Now 31, Rossi left Genoa in May and is training with New York Red Bulls. Let’s hope their medical department is up to scratch: he has been sidelined for 1,241 of his 5,136 days as a professional footballer – or 24.1% of his entire career.
Most siblings are content with taking light-hearted – and often rather literal – jabs at one another, but nothing too dangerous or damaging. Not Martin Ferguson. For it was he who advised older brother Alex to sign a player who was “better than Rooney” in early 2007. The practical joke backfired when the elder Scotsman listened to the advice, with Martin presumably laughing maniacally as he raced upstairs to lock himself in the safety of his bedroom.
Anderson would arrive at Old Trafford that summer, and 12 months later crowned a sensational debut season with a successful penalty in the Champions League final shoot-out victory over Chelsea – even if he thought he was “f***ed”.

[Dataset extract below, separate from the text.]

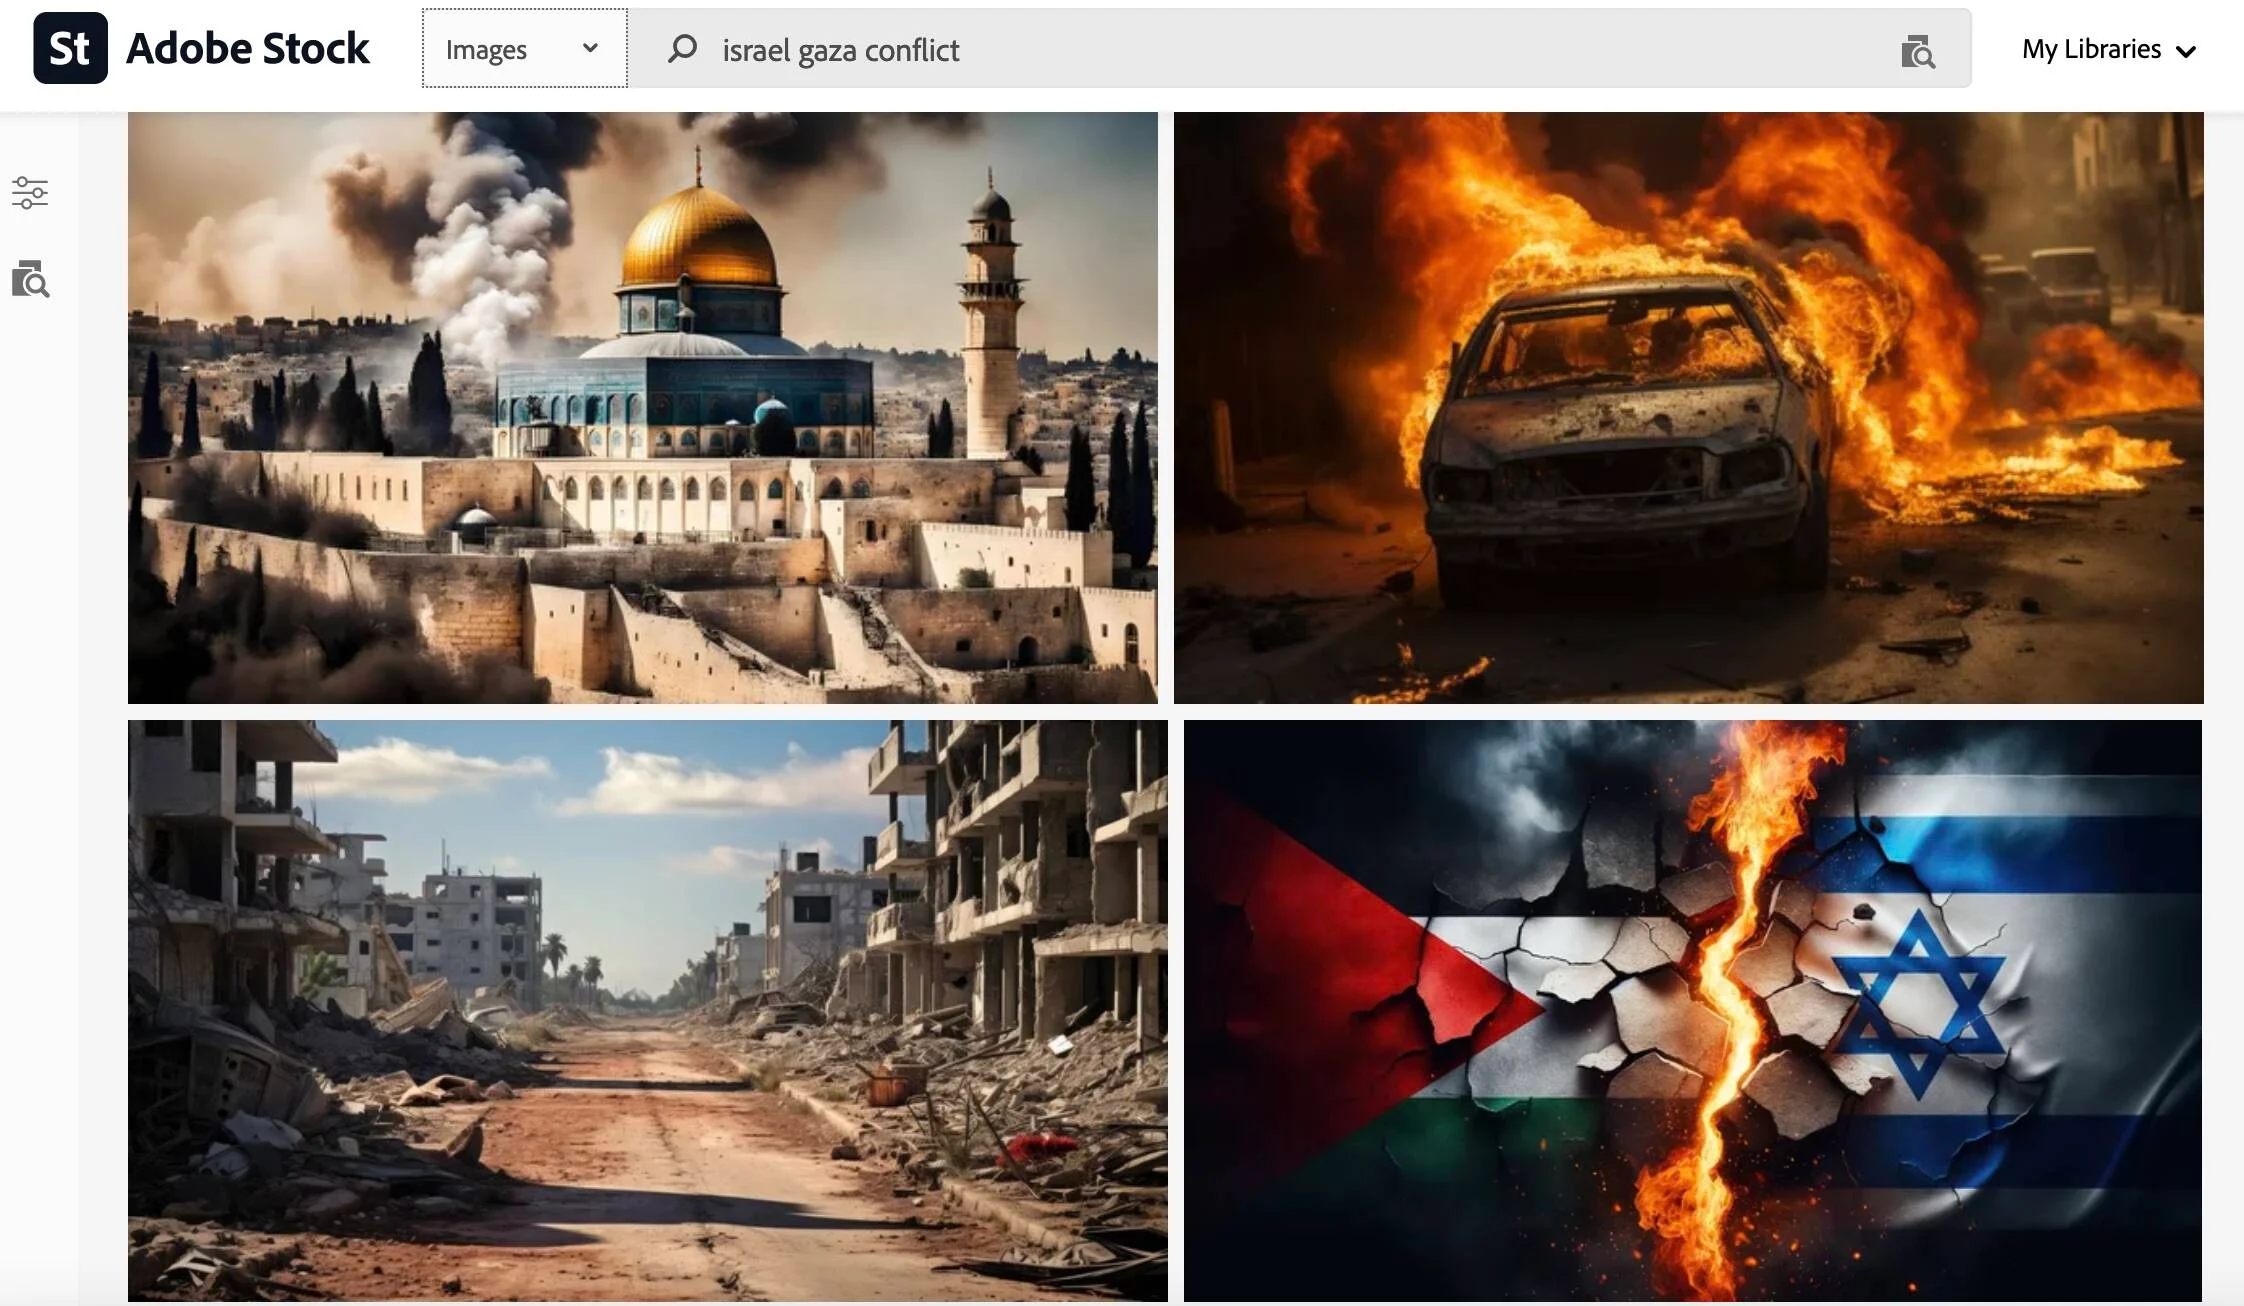 Adobe продает сгенерированные искусственным интеллектом изображения войны Израиля и ХАМАСа, которые в новостях выдают за настоящие-2

Yet the Brazilian, then still a teenager, would never truly realise his potential. He won nine trophies in eight plodding seasons in Manchester, and started just four games for the club across his last two campaigns. He left in January 2015, was relegated from Brazil’s Série A with Internacional in 2016, then again with loan club Coritiba in 2017. He is his country’s Nigel Quashie, in every way imaginable.
2) Alex Song
Not since September 20 of last year has Alex Song kicked a ball in anger, delight or any other futile emotion. The midfielder has trained with Arsenal and Real Betis since the turn of the year, but both his short and long-term future remain points of serious and potentially costly contention.

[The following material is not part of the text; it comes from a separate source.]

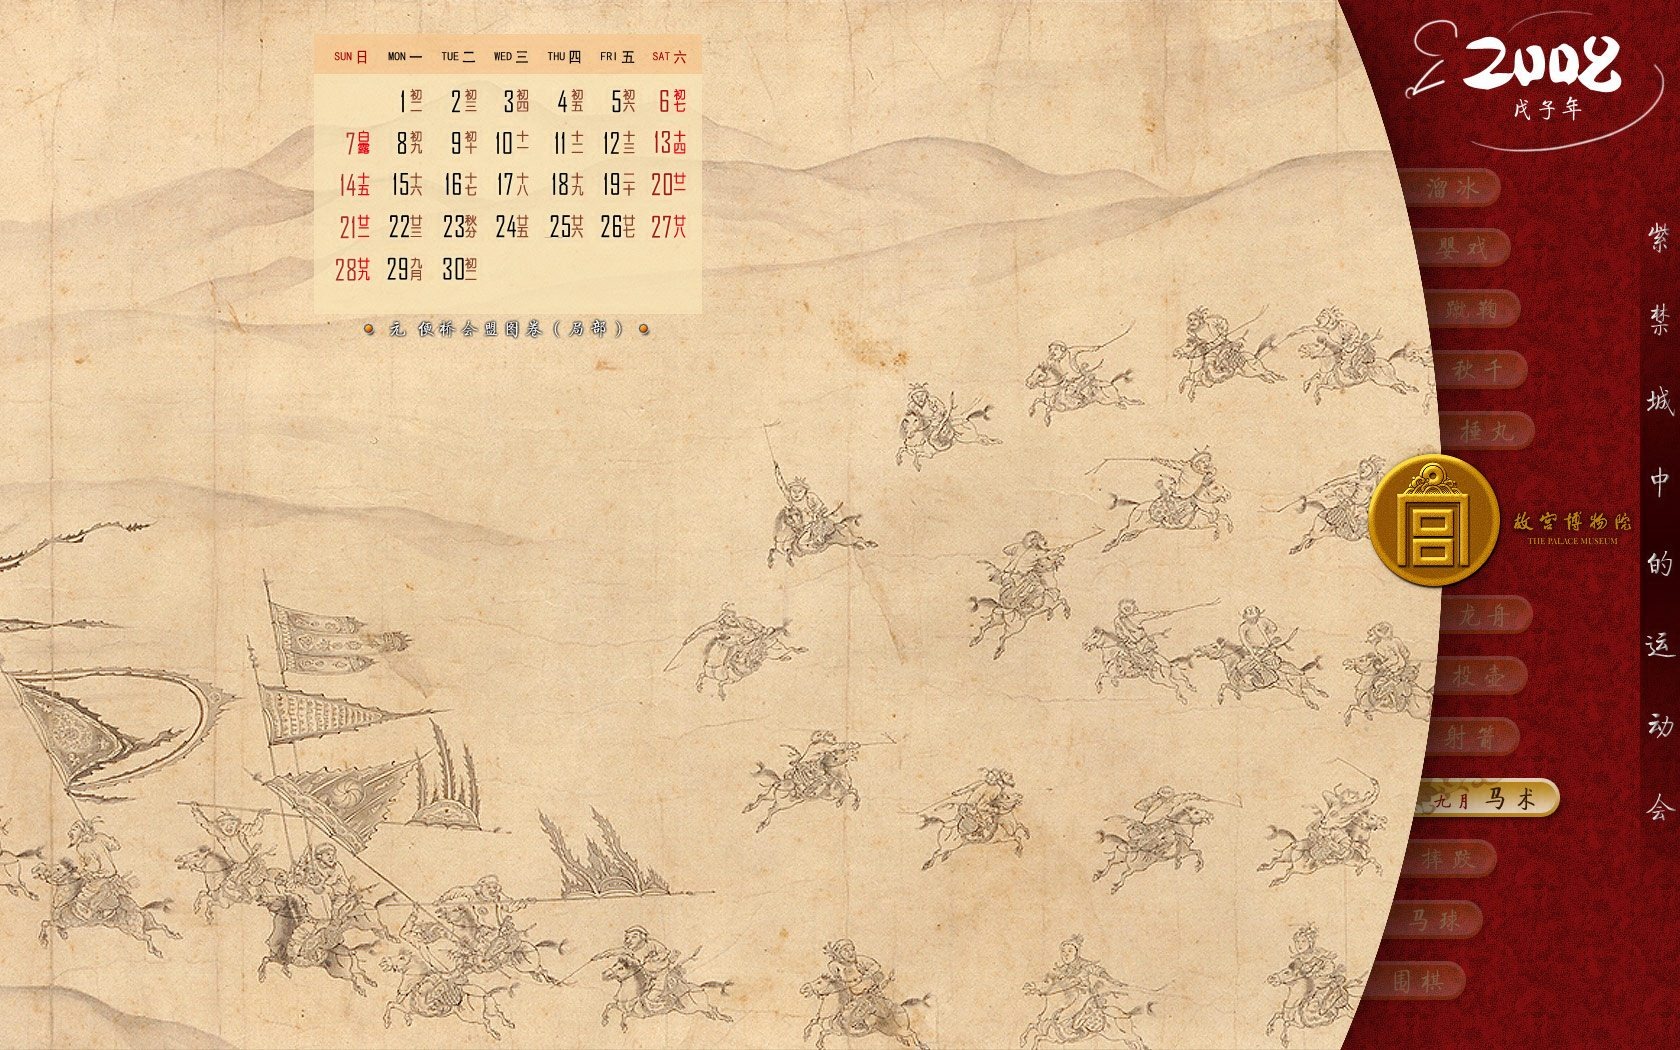 北京故宫博物院 文物展壁纸(二)12 - 1680x1050

It was reported in December that his most recent employers, Rubin Kazan, had failed to pay both his and a number of his teammates’ wages for the past four months. The president of the All-Russian Players Union later confirmed that players can “terminate their contract if their wages are delayed by more than three months”, and FIFA intervened to free Song from his contract. Then came the counter-claim: that Rubin were suing the midfielder for €40m in compensation for a breach of contract. Considering they reportedly owe Song £7.9m in wages, it is a ballsy stance.
The shame is that a talented player’s career has been cryogenically frozen, suspended in purgatory until a resolution is found. He is still only 30, was a genuine asset to West Ham two years ago, played for Barcelona four years ago and was one of the best midfielders in the Premier League for Arsenal six years ago. And just think, if you ever do sign him, you can tell everybody this is your Song.
1) Mario Balotelli
“I’m already negotiating with many teams in England and Italy. I talked with Juventus, Roma, Napoli, Inter. He is worth €100m, but he is a free agent, so he is a bargain.”

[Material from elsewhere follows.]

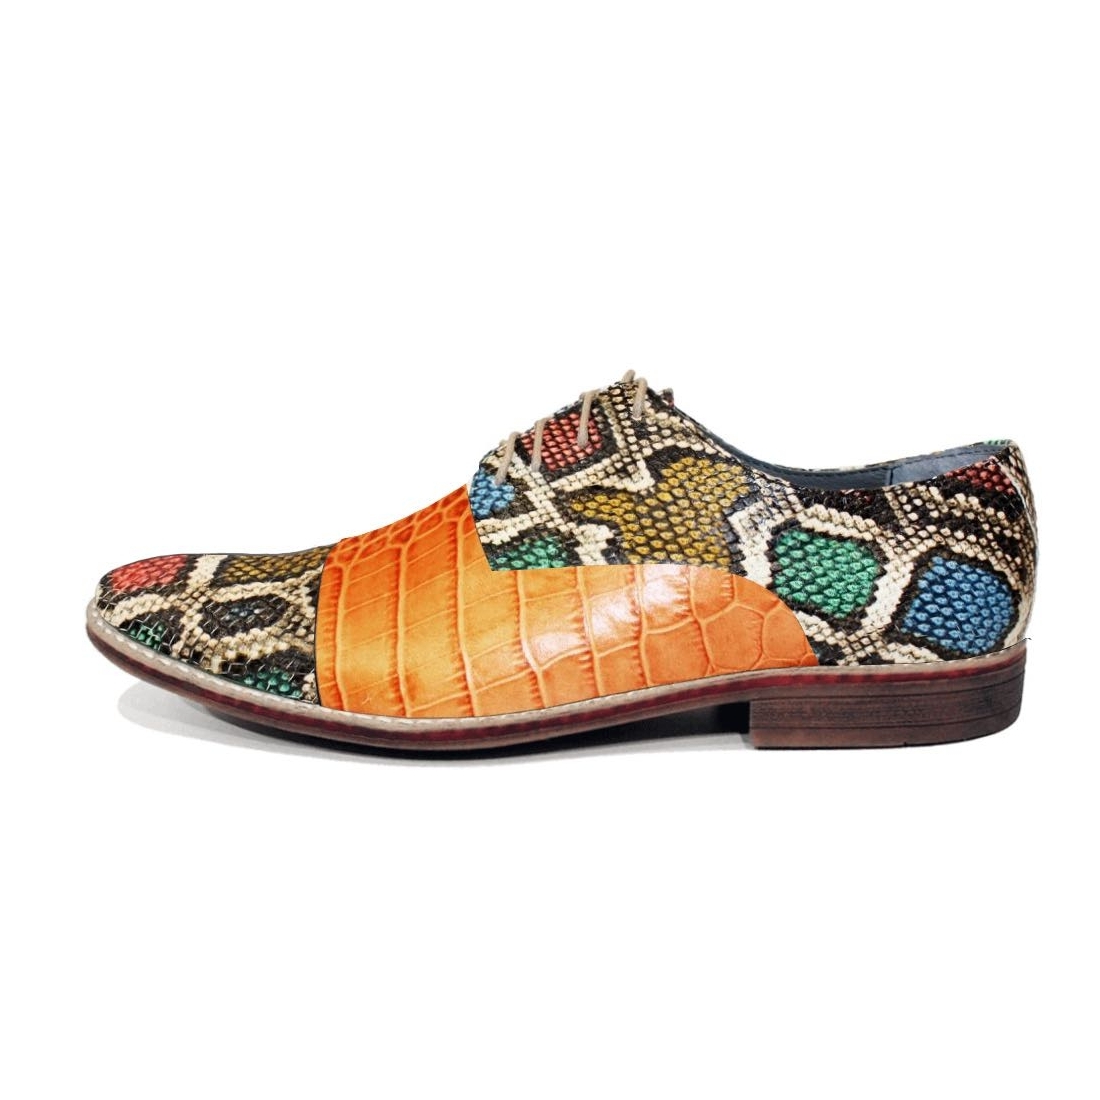 Modello Gadello - Buty Klasyczne - Handmade Colorful Italian Leather Shoes

As ever, an entire vat of salt should be taken alongside Mino Raiola’s comments from March, but the agent’s claims do at least seem to clear up the confusion over Mario Balotelli’s status. The Italian restored his reputation with a fine season in 2016/17, choosing to stay in Ligue Un and sign another one-year deal with Nice last summer. Another impressive 12 months later, his stock has rarely been higher.
At 27, Balotelli returned to Nice training two weeks after pre-season began, much to the chagrin of new manager Patrick Vieira. Jean-Pierre Rivere, president of the French club, insisted four months ago that the player “won’t leave for nothing”. But only one thing is for certain: the Italian will not go quietly. He never really does.